Die erste Bemerkung war an den jungen Mann, der Schluss an die Familie gerichtet.

»Wenn Sie von meinem Boot Gebrauch machen wollen«, bemerkte nach einer kurzen Pause dieser artig, »so steht es Ihnen zu Diensten!«

Der Alte schien überrascht, und verbeugte sich verbindlich.

»Sie sind sehr gütig, aber es wäre unbescheiden, von Ihrer Grossmut Gebrauch zu machen.«

»Das Boot steht zu Ihren Diensten«, versicherte der junge Mann bestimmter; »und Sie dürfen um so beruhigter auf den Tausch eingehen, als es mir ganz und gar keinen Unterschied macht, ob ich [in] diesem oder in einem anderen Boote nach Richtersweil zurückkehre.«

Der Alte dankte abermals durch eine stumme Verbeugung, hielt jedoch inne, obwohl zur sichtlichen Unzufriedenheit der Seinigen, die offenbar die neue Aussicht auf die bereits aufgegebene Lustfahrt ungemein anregte. Mit sehnsüchtig dankbaren Blicken hing die entzückende Sprecherin nun am jenseitigen Ufer, wieder am jungen Manne. Beinahe schmollend sah sie den zögernden Papa an, der sich endlich zum Troste der Ungeduldigen an diesen wandte.

»Ihr Anerbieten ist sehr gütig, aber ehe wir darauf eingehen können, muss ich mir noch eine Frage erlauben.«

Des jungen Mannes Miene nahm einen erwartenden Ausdruck an.

»Wäre es nicht möglich, unsere Differenz dahin auszugleichen, dass wir uns zu gemeinsamen Zwecke vereinigten?«

Der junge Mann sah den Sprecher ungewiss an.

»Die Lustfahrt zusammen machen?«

»Ich soll eigentlich nach Zürich zurück, da ich nächstens von da abreisen will«, sprach dieser ablehnend.

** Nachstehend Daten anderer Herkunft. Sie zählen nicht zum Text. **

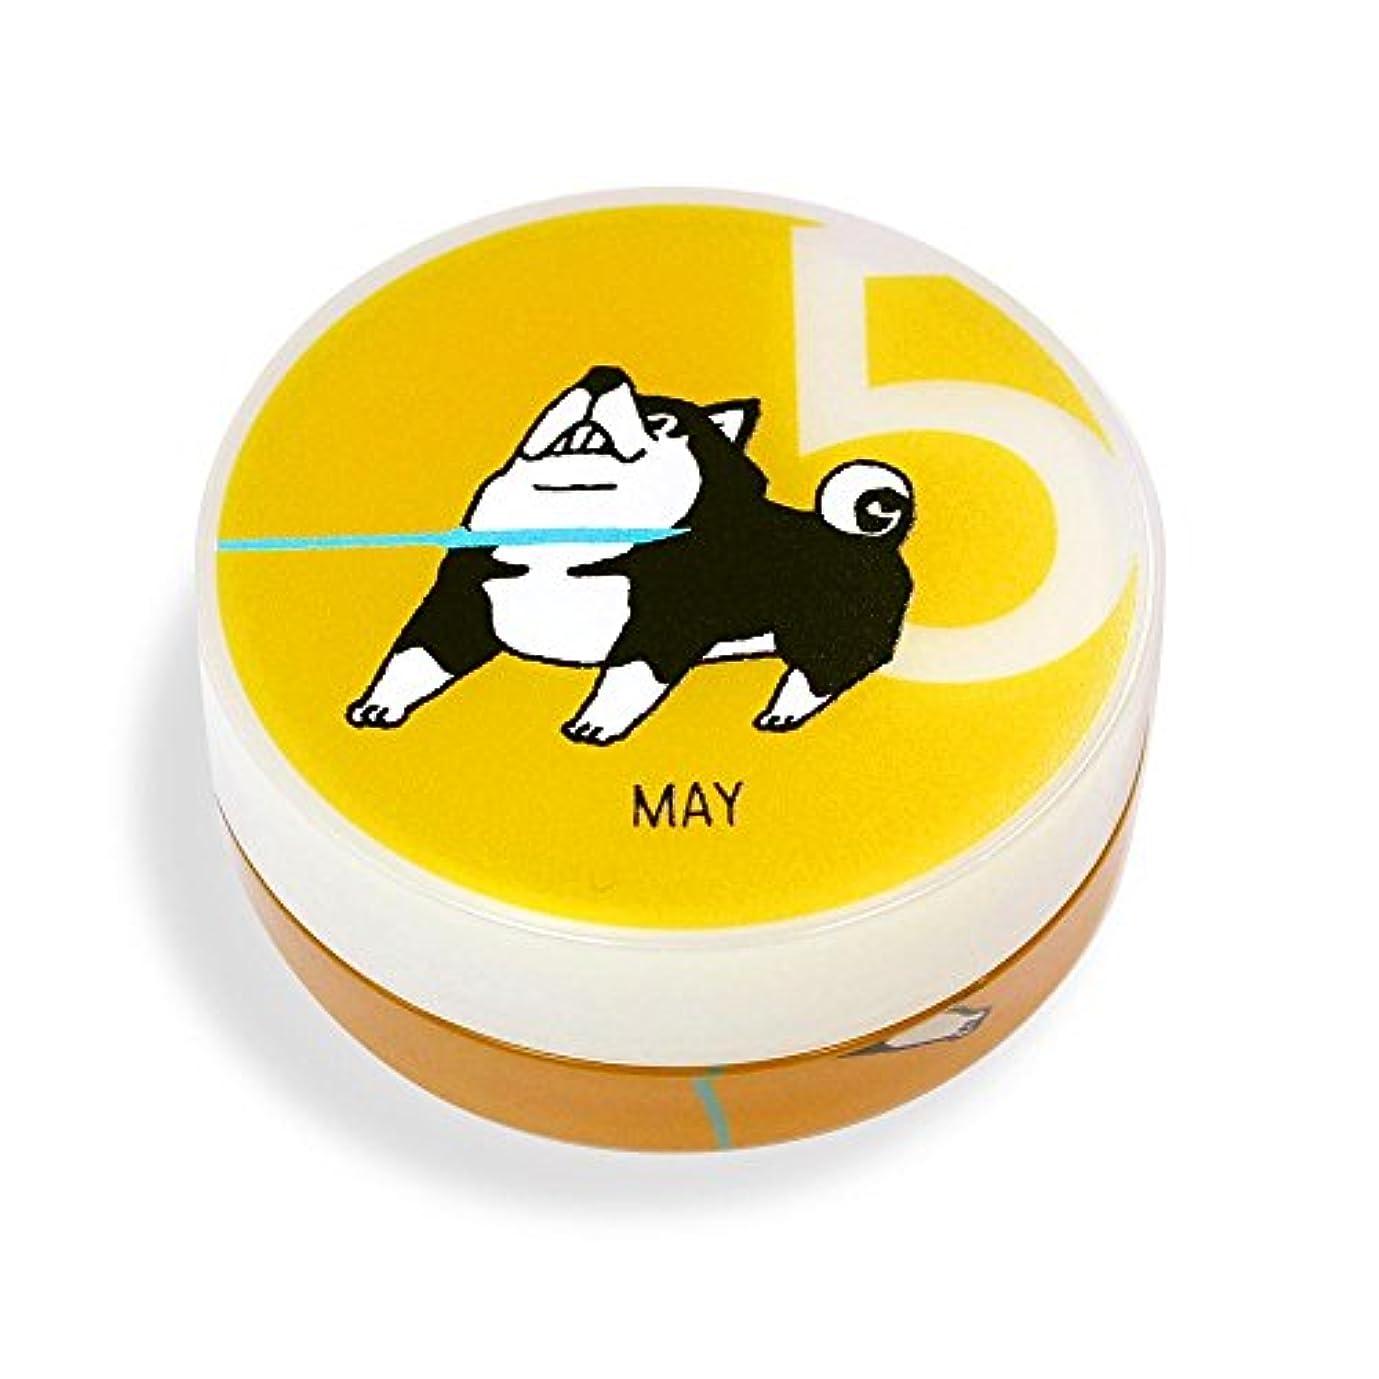 通り抜ける申し立て説明しばんばん フルプルクリーム 誕生月シリーズ 5月 20g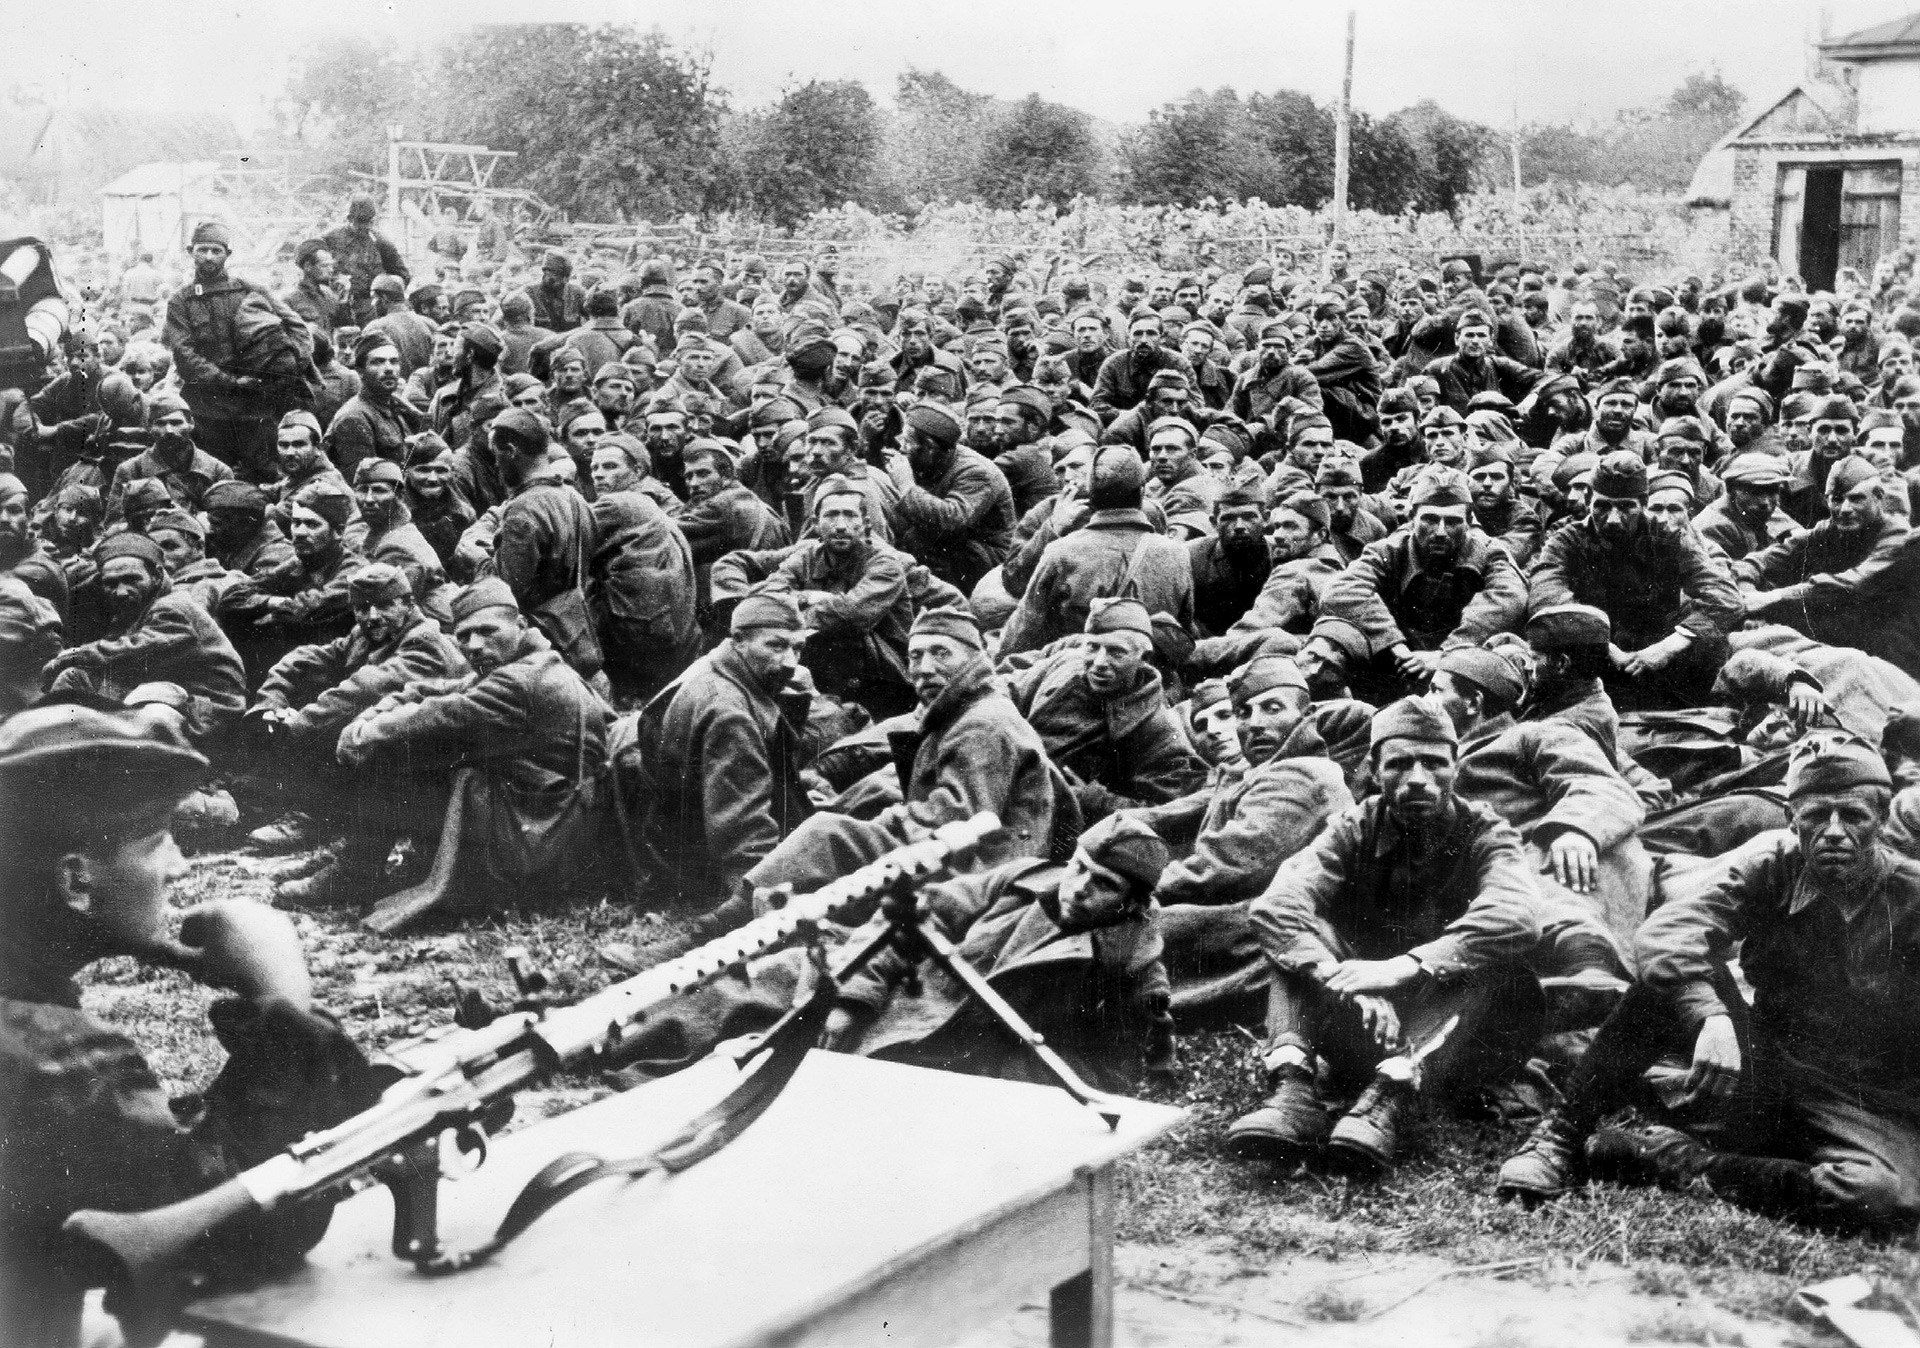 Zarobljeni ruski vojnici poslije bitke kod Kijeva.

»Das ist etwas anderes; aber dann dürfen wir Ihr gütiges Anerbieten auch absolut nicht annehmen.«

»Sie haben zu entscheiden. Ich glaube Ihnen jedoch nochmals die Versicherung geben zu müssen, dass mir nicht der mindeste Eintrag geschieht, da ich mit Ihrem Kahne oder auch zu Fusse nach Richtersweil zurück kann, von wo aus ich immer Gelegenheit nach Zürich finde.«

Der Alte stand und schüttelte den Kopf, die hold Gestimmte das Köpfchen. In dieser schien noch eine letzte Hoffnung aufzudämmern, wie sie sich jetzt hastig zum Papa wendend, ihm angelegentlich in die Ohren flüsterte.

Der Papa hörte liebreich, aber phlegmatisch kopfschüttelnd das Kind an.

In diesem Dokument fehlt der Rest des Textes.